An American-South African research team unearthed remains of an unusually small relative of the T-Rex in Utah. The find closes a gap in the fossil record of the Tyrannosauroidea, which belong to the today most well-known predatory dinosaurs. They lived in the time frame of 165 to 66 million years exclusively on the northern continents. The first description of the newly discovered species Moros intrepidus, which was said to have lived about 97 million years ago, appears in the current issue of Nature Communications Biology.

What seems unusual to the layman on this Moros: He was a flyweight. Outwardly unmistakably a predatory dinosaur, he probably brought just under 78 pounds on the scales.

Fans of the "Jurassic Park" would claim him as a petite "Raptor": nimble, rather slim and small predators, which most likely hunted mostly in the pack. Sprinter, Renner and Reißer were, not heavyweight fighting machines. More wolves than tigers, but so agile and deadly that they probably became dangerous to prey animals that were many times heavier than themselves.

The six-member research team led by Lindsay E. Zanno now describes the newly discovered species based on graceful leg bones and teeth that were buried on a muddy, long-lost shoreline in what is now very dry Utah. The finds showed enough clear characteristics to be able to assign them to a specific family of predatory dinosaurs. The Moros intrepidus, the researchers are certain, definitely belonged to the Tyrannosauroidea.

And she knows every child as a terrifying predator of immense size. Little Moros, say his discoverers, is the oldest known representative of the family in the Cretaceous.
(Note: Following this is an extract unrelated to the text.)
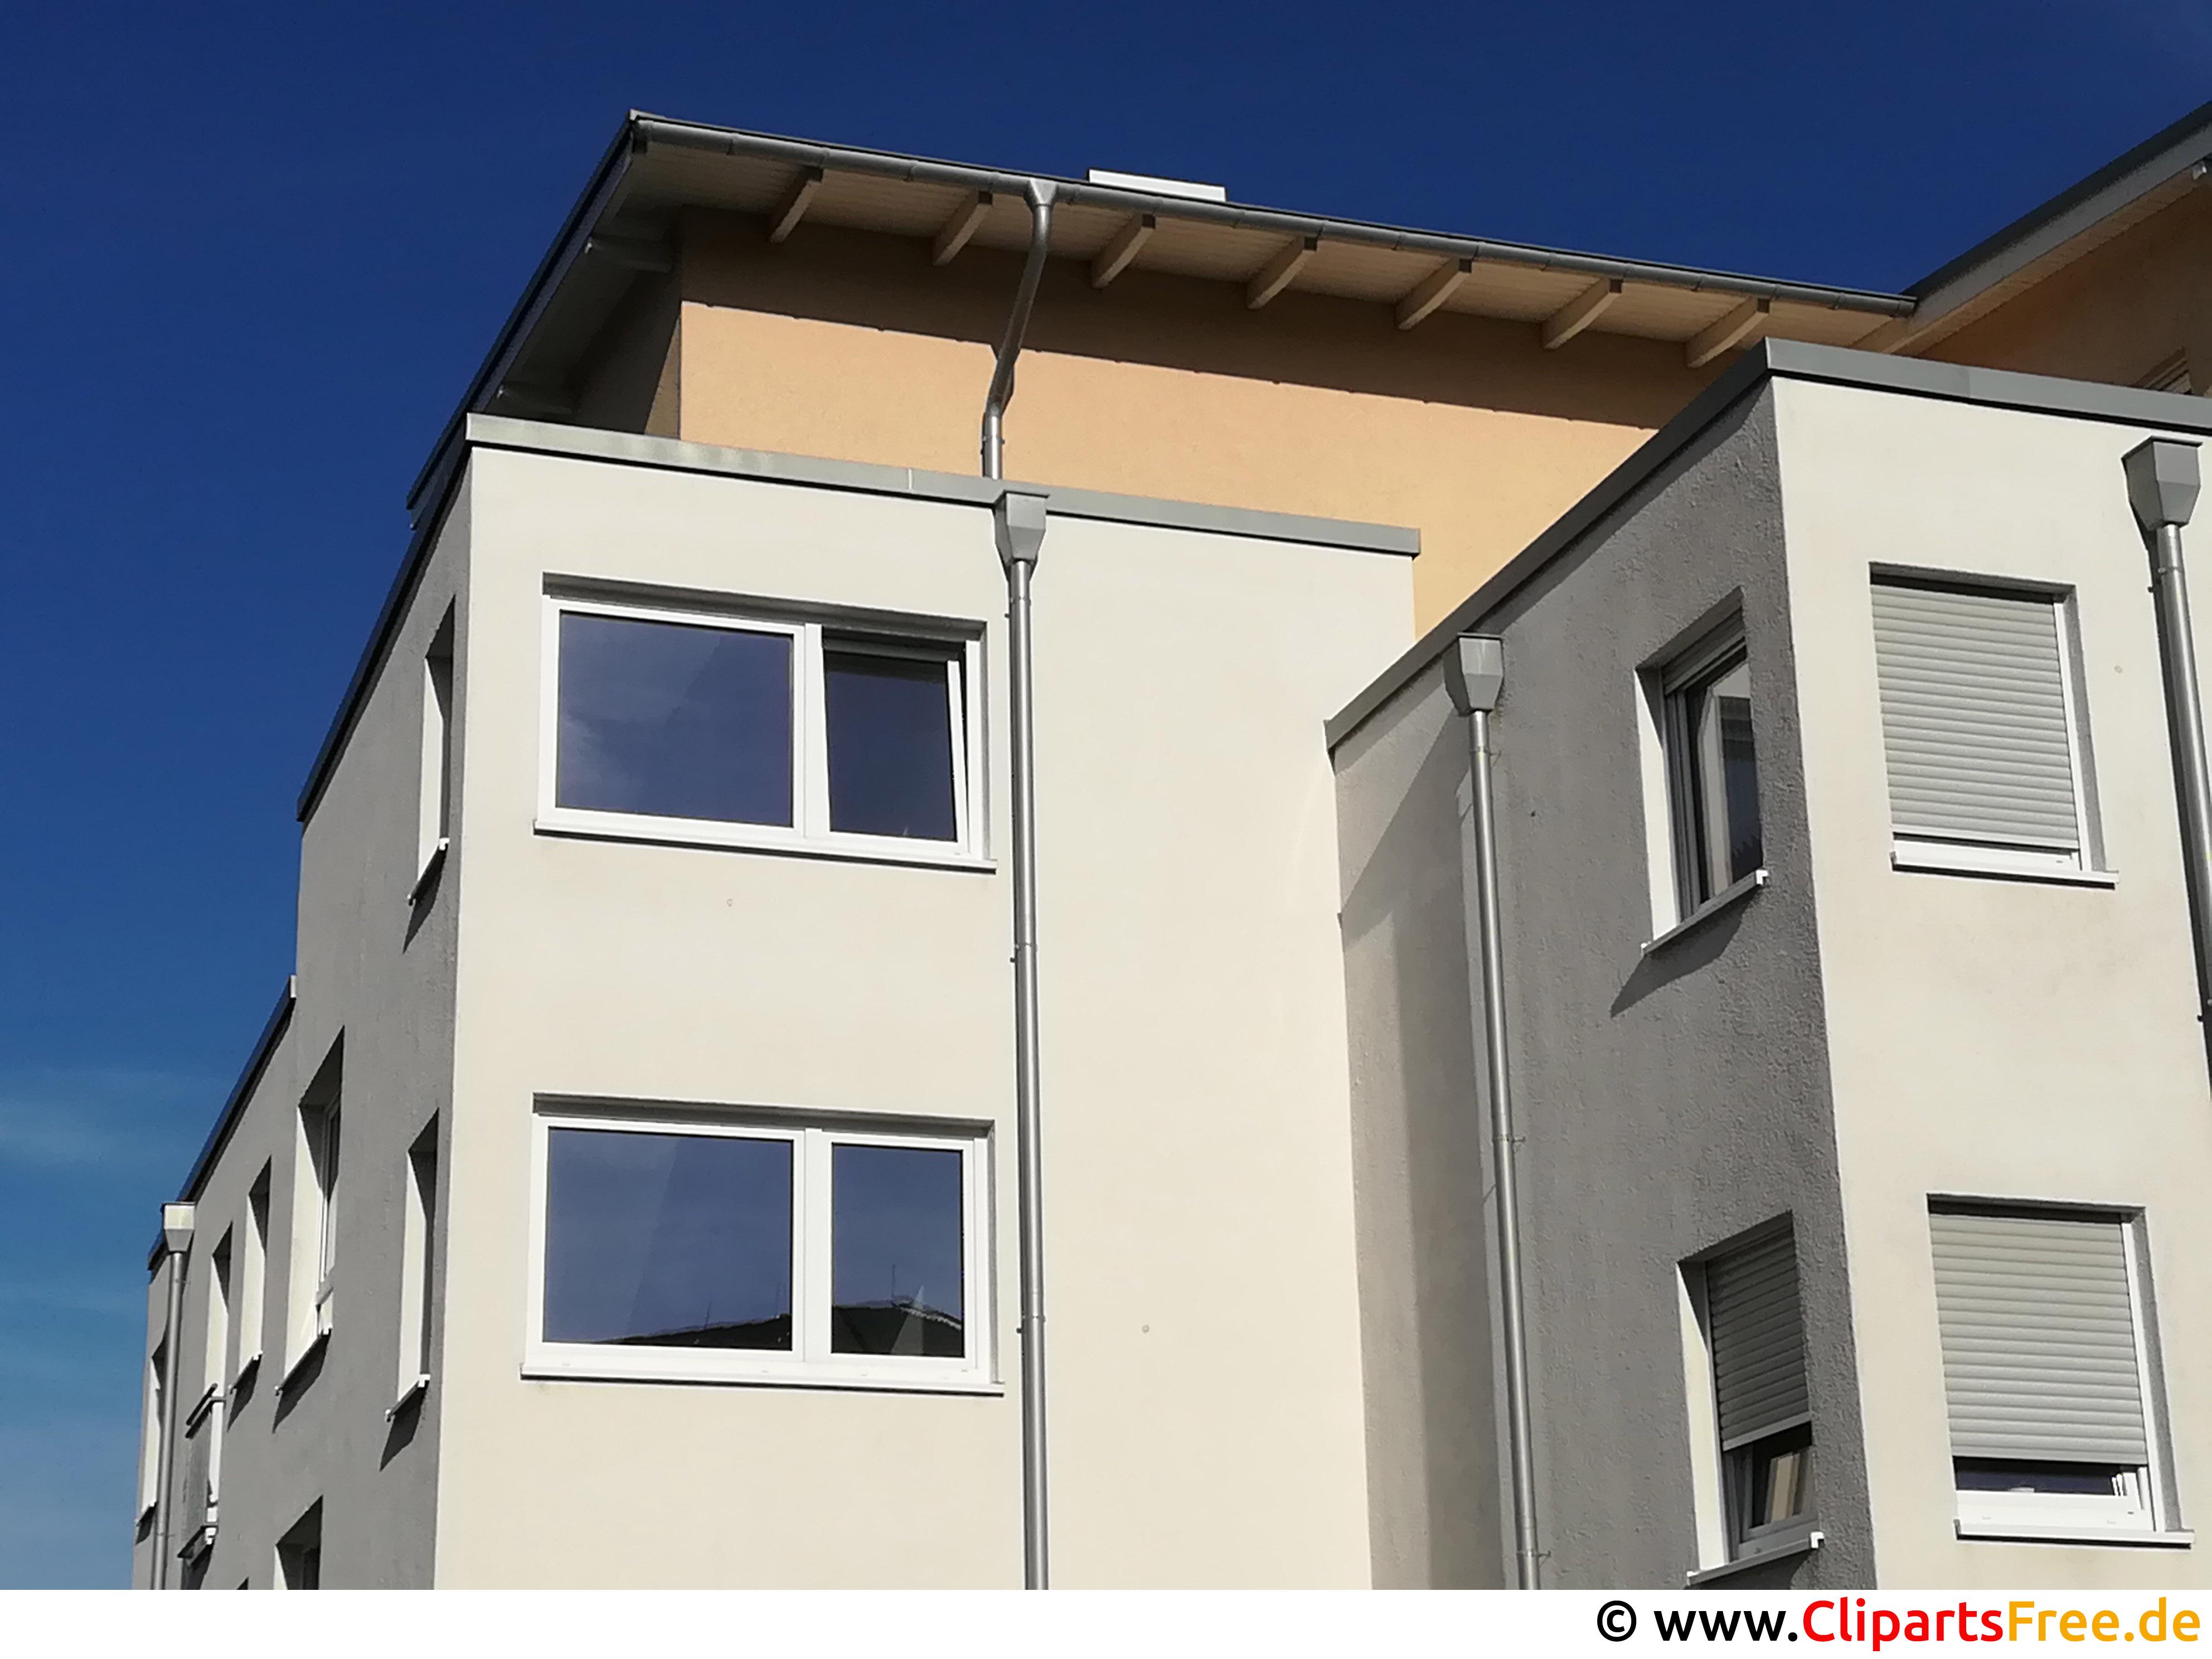 Haus mit mehreren Wohnungen Foto kostenlos

At the end of his most prominent and last descendant, the Tyrannosaurus rex, at the top of the food chain in today's North America.

Until the middle of the Cretaceous, the ancestors of T-Rex were at most medium sized, in the Jura even rather small: The ecological niches for large-raptors were occupied in the northern hemisphere of Allosaurians and others. Although Allosauroidea looked quite similar to the later T-Rex, they were only very widely related to the Tyrannosauroidea: The two evolutionary lines, which included many different species, separated more than 160 million years ago.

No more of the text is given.